While we have primarily seen this problem in federally-backed Section 8 and Mitchell-Lama housing over the past decade, it is now reaching the important supply of City-backed affordable housing. Housing built under the major plans of every city administration since Mayor Koch is beginning to reach the date where their affordability will expire, unless the owner opts back into an affordability program. We are already seeing cases of lost affordability, and the scale of this potential crisis is disturbing. According to the Association for Neighborhood & Housing Development (ANHD) research, we may soon begin to lose as many existing affordable units each year through expiring affordability as we are able to create new units through costly City-backed financing programs. How did we get to this point?

The basic tool of City-backed affordable housing financing is the LIHTC program. In LIHTC deals, developers are able to create affordable housing without having to put much of their own money into the deal. After the initial terms dictating affordability in the regulatory agreement expire, usually after 15 or 30 years, the developer has the option to extend the affordability on the property or sell the housing portfolio for a multi-million-dollar profit. We have already seen multiple scenarios of profit-oriented developers taking advantage of weak regulatory agreements, which range from decoupling the limited partnership in Year 15 to misinterpreting the loose language of the right-of-first refusal. This loophole creates a windfall profit for developers who do not have the best interests of the community in mind and puts many low-income New Yorker’s at risk of losing their housing.

We’re already in the middle of an affordability crisis, and we know that crisis will worsen as the expiring-use crisis threatens existing affordable units. According to ANHD research, there are a total of 214,751 City-backed affordable units that will reach the expiration of their initial affordability between 2019 and 2037. There is no way to accurately predict which of these units or how many of these units will chose to opt-out of affordability.

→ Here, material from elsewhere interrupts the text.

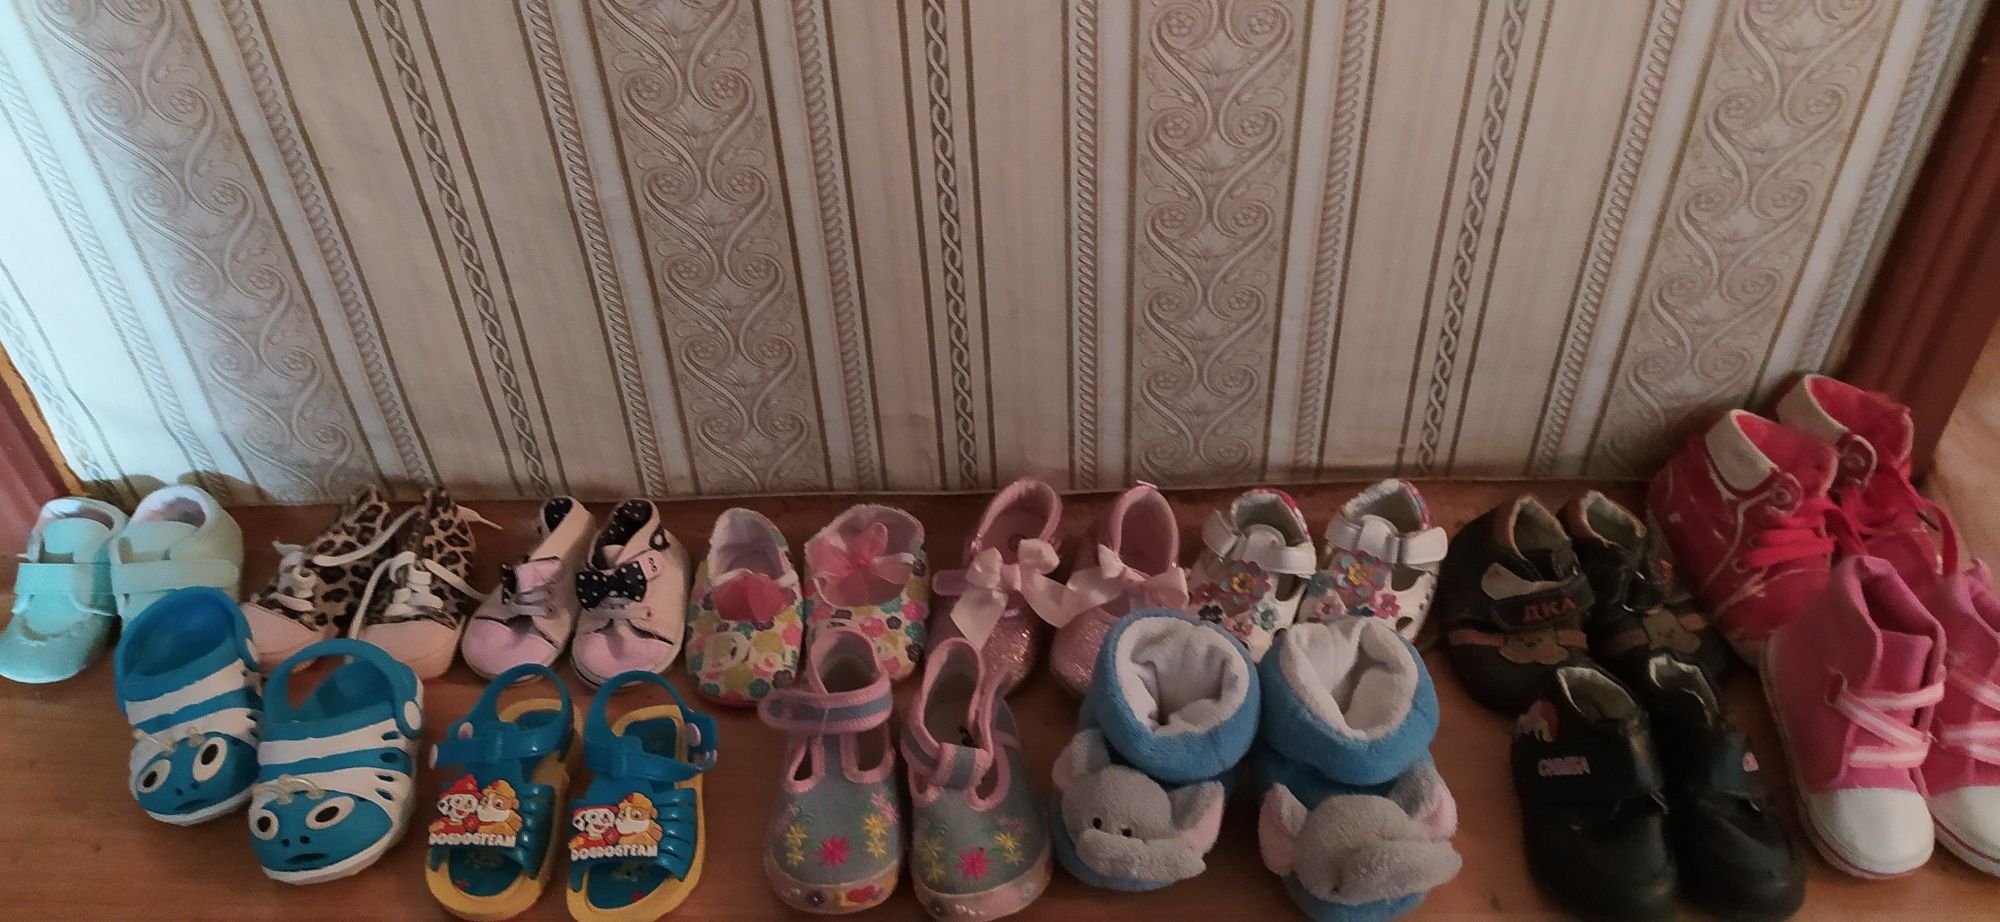 Продам обувь детскую по 200 тенге за одну пару, размеры разные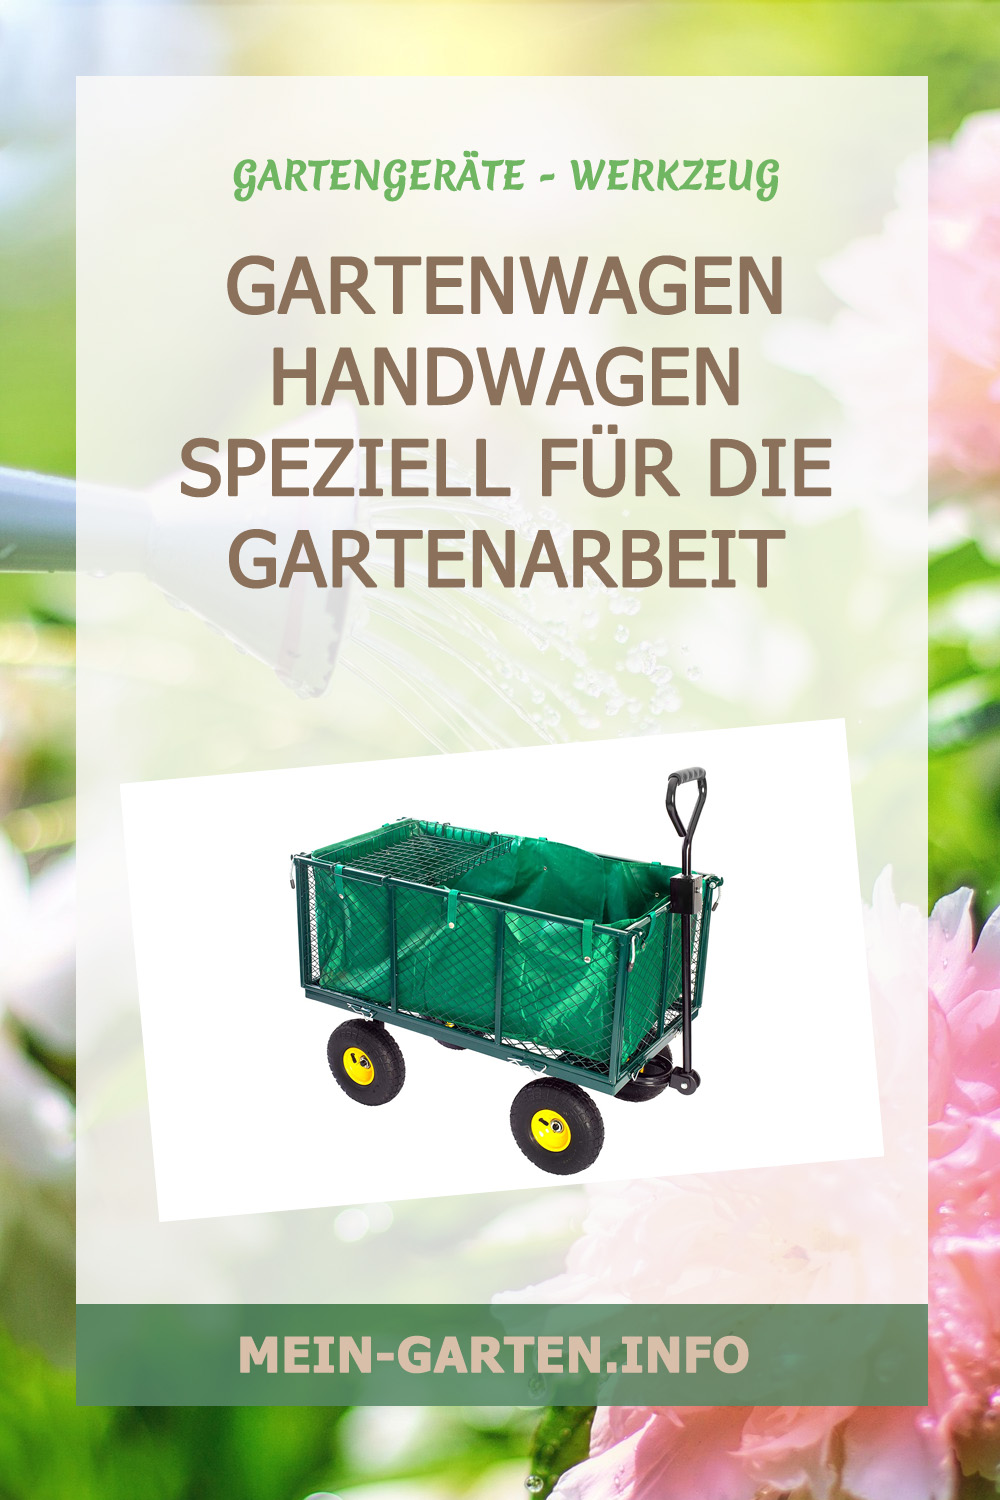 Gartenwagen Handwagen speziell für die Gartenarbeit

But, based on recent experience, it is likely that affordable units built and controlled by mission-driven not-for-profit developers will choose to remain affordable, and that units built with City-backing by for-profit developers will chose to opt-out of affordability if the rents in the surrounding neighborhood has risen to the level that can offer them a windfall profit.

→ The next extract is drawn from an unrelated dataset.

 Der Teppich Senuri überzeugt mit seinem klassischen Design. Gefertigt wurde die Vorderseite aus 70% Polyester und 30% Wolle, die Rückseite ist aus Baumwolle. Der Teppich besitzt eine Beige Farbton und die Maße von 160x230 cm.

This chart shows City-backed affordable housing units reaching their potential affordability expiration date, adding up to a total of 214,751 at-risk units.

The De Blasio administration and HPD are also alarmed about the impact the expiring-use crisis will have on affordable housing. They have already taken some effective steps to ensure that, going forward, the housing it finances remains permanently affordable, including a new city regulatory agreement that would allow HPD to ensure that all affordable housing units developed on city-owned land will remain affordable permanently.

However, the steps the City has taken so far do not address the problems existing affordable housing is facing. Intro 722A will not automatically resolve any of the regulatory agreement issues in existing affordable housing portfolios, and it will not ensure that these units remain permanently affordable. But it will give our communities a clear view of exactly how and where units are threatened so they can take action to apply pressure to preserve their affordability. Once the tracking system is implemented in April 2020, HPD will be required to submit and review start and end dates of expiring regulatory agreements, total expiring affordable units, their Area Median Income (AMI) band and the council district where they are located to the Mayor and City Council every year. HPD will also be required to describe their preservation efforts and the tools available to keep those units affordable in the long term.

The expiring-use bill will help notify community stakeholders about buildings that are up for expiration, so they can proactively fight to keep them permanently affordable. This bill will put pressure on the Mayor, City Council, and HPD to be proactive in resolving the expiring-use crisis and keeping affordable housing permanently affordable for low- and- moderate income New Yorkers across the five boroughs.